There is no 'best way'...well, the best way is probably to get it right while shooting 

Keep trying different things until you find a method that you like best.  I like to use *_levels_*, curves and shadow/highlight.


----------



## Peacemaker636 (Feb 22, 2007)

Levels help tremendously with pictures that are either too bright or too dark.  From there, I usually use curves to increase contrast (make highlights brighter and shadows darker)


----------



## auer1816 (Feb 22, 2007)

Peacemaker636 said:


> Levels help tremendously with pictures that are either too bright or too dark. From there, I usually use curves to increase contrast (make highlights brighter and shadows darker)


 
I second that.  Levels and curves are the first two things I do with almost every photo.  And use adjustment layers!


----------



## ernie (Feb 23, 2007)

Thanks guys. Still experimenting with it after I did some googling. I had no idea you could make almost every picture look even better.


----------



## fmw (Feb 23, 2007)

ernie said:


> Thanks guys. Still experimenting with it after I did some googling. I had no idea you could make almost every picture look even better.


 
Getting it right in the first place is really important - particularly with digital which has almost no exposure latitude.  shadow/highlight, exposure, levels, contrast/brightness, curves all remove data from the image and create artifacts.  While the data loss and artifacts may be insignificant with small adjustments, they are certainly there and become bothersome with heavy handed adjustments.

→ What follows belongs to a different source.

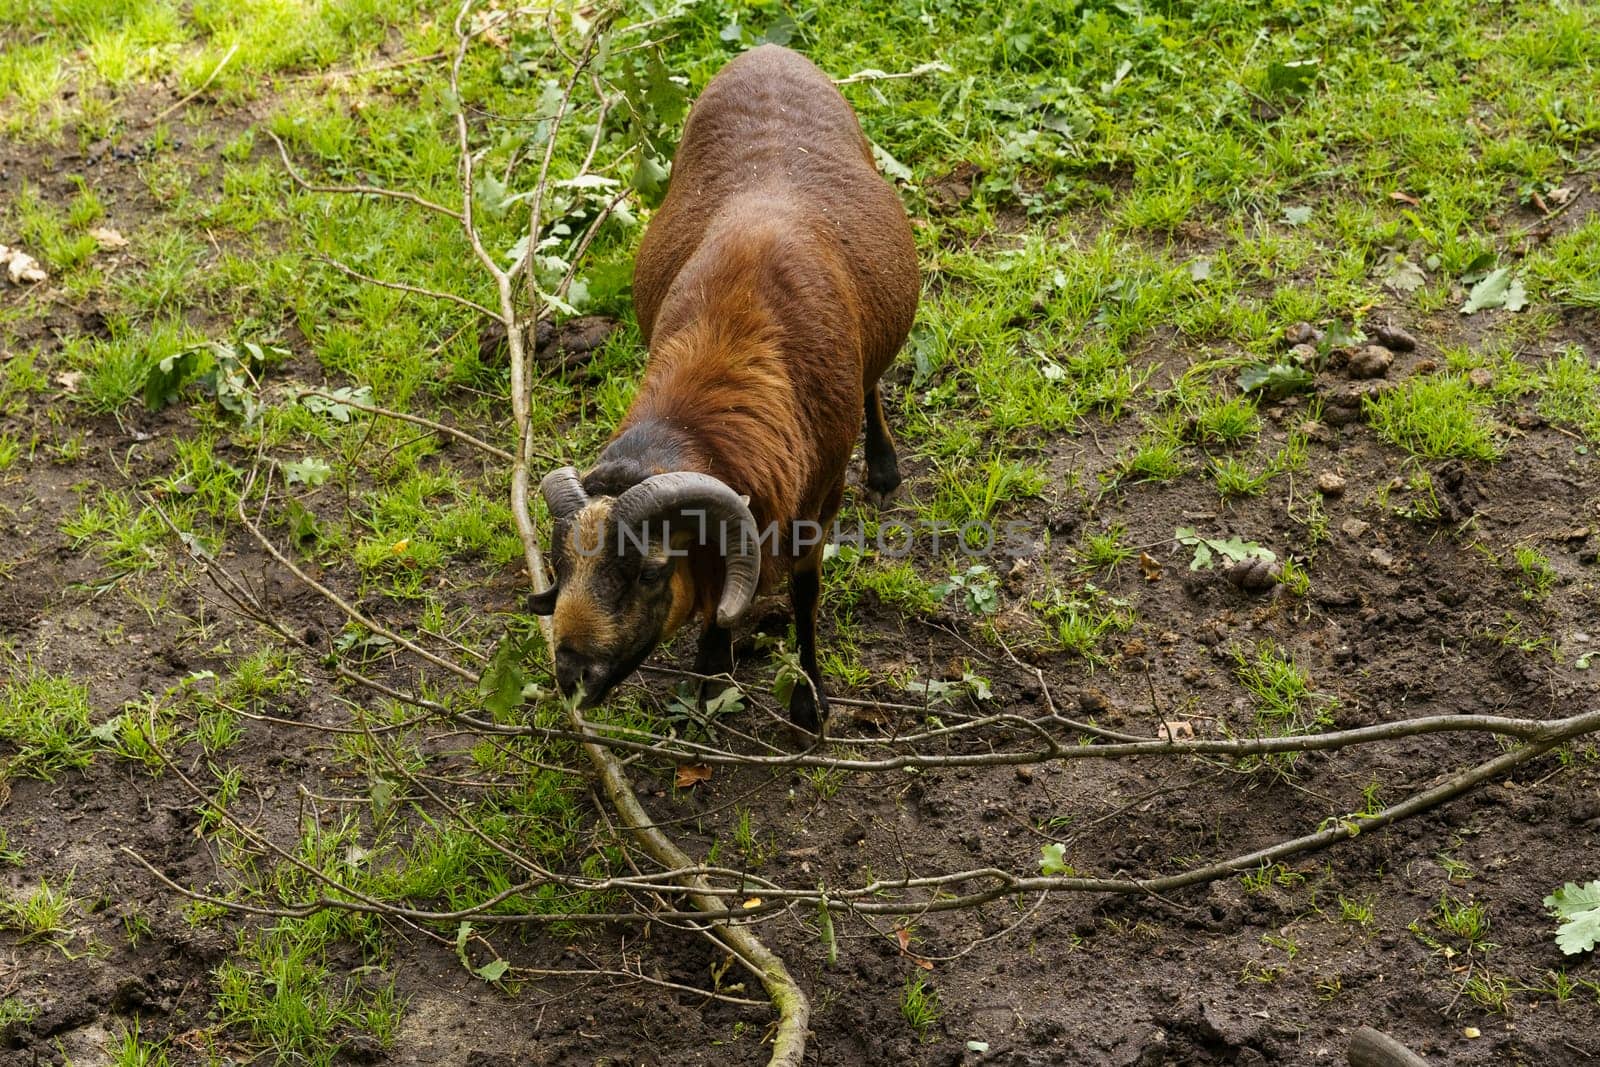 A brown ram stands confidently in a bright green field surrounded by lush vegetation.
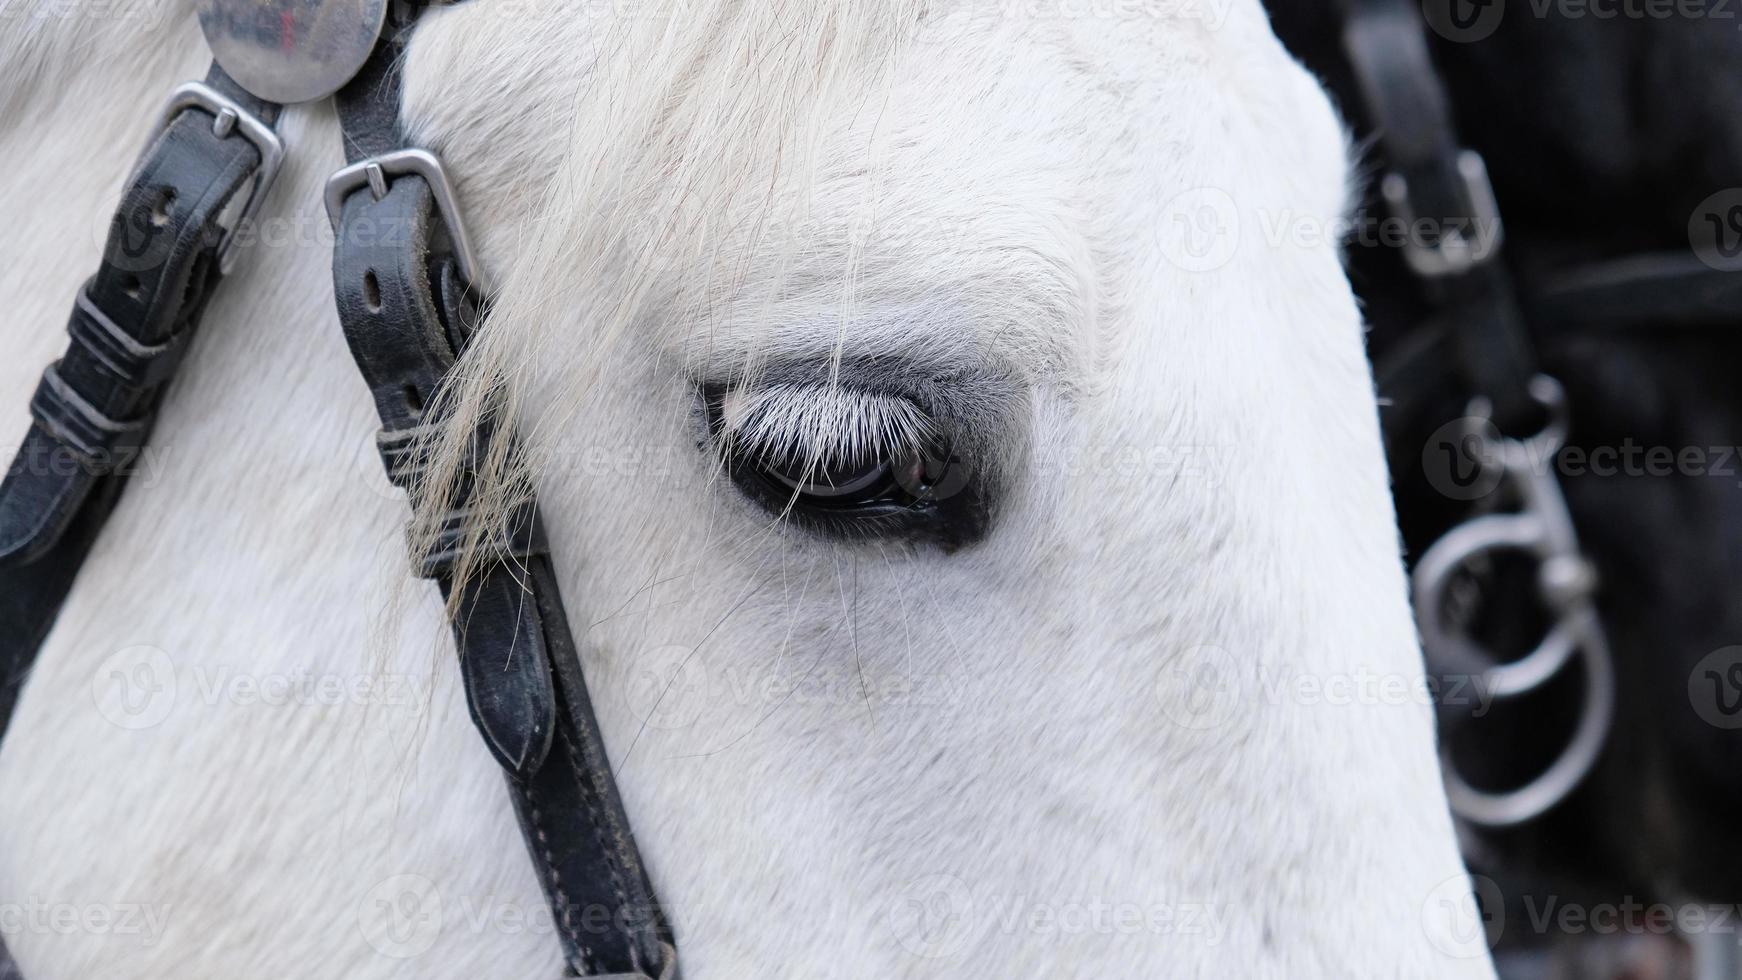 Close-up of horse's eye with white eyelashes. Portrait of a white horse with a bridle on the muzzle, of equipment and harness worn on the horse's head for control. Livestock and Horse life. photo

Personally, I tend to use shadow/highlight, levels and contrast/brightness the most because curves is too touchy for an old timer like me.  Curves, I believe, reduces data the least and is actually the best way.  Perhaps I should spend more time with it.


----------



## auer1816 (Feb 23, 2007)

fmw said:


> Getting it right in the first place is really important - particularly with digital which has almost no exposure latitude.


 
It's true.  The best way to make sure you got it right the first time is to check the histogram on the camera after you've taken a shot.  If your histogram is clipped on either end, you're losing data that you can't get back with any amount of editing.  So if there's no clipping, there's hope yet.  If you do have to clip (higher contrast situations), I would suggest to clip the shadows rather than the highlights -- the bright whites tend to be more distracting.


----------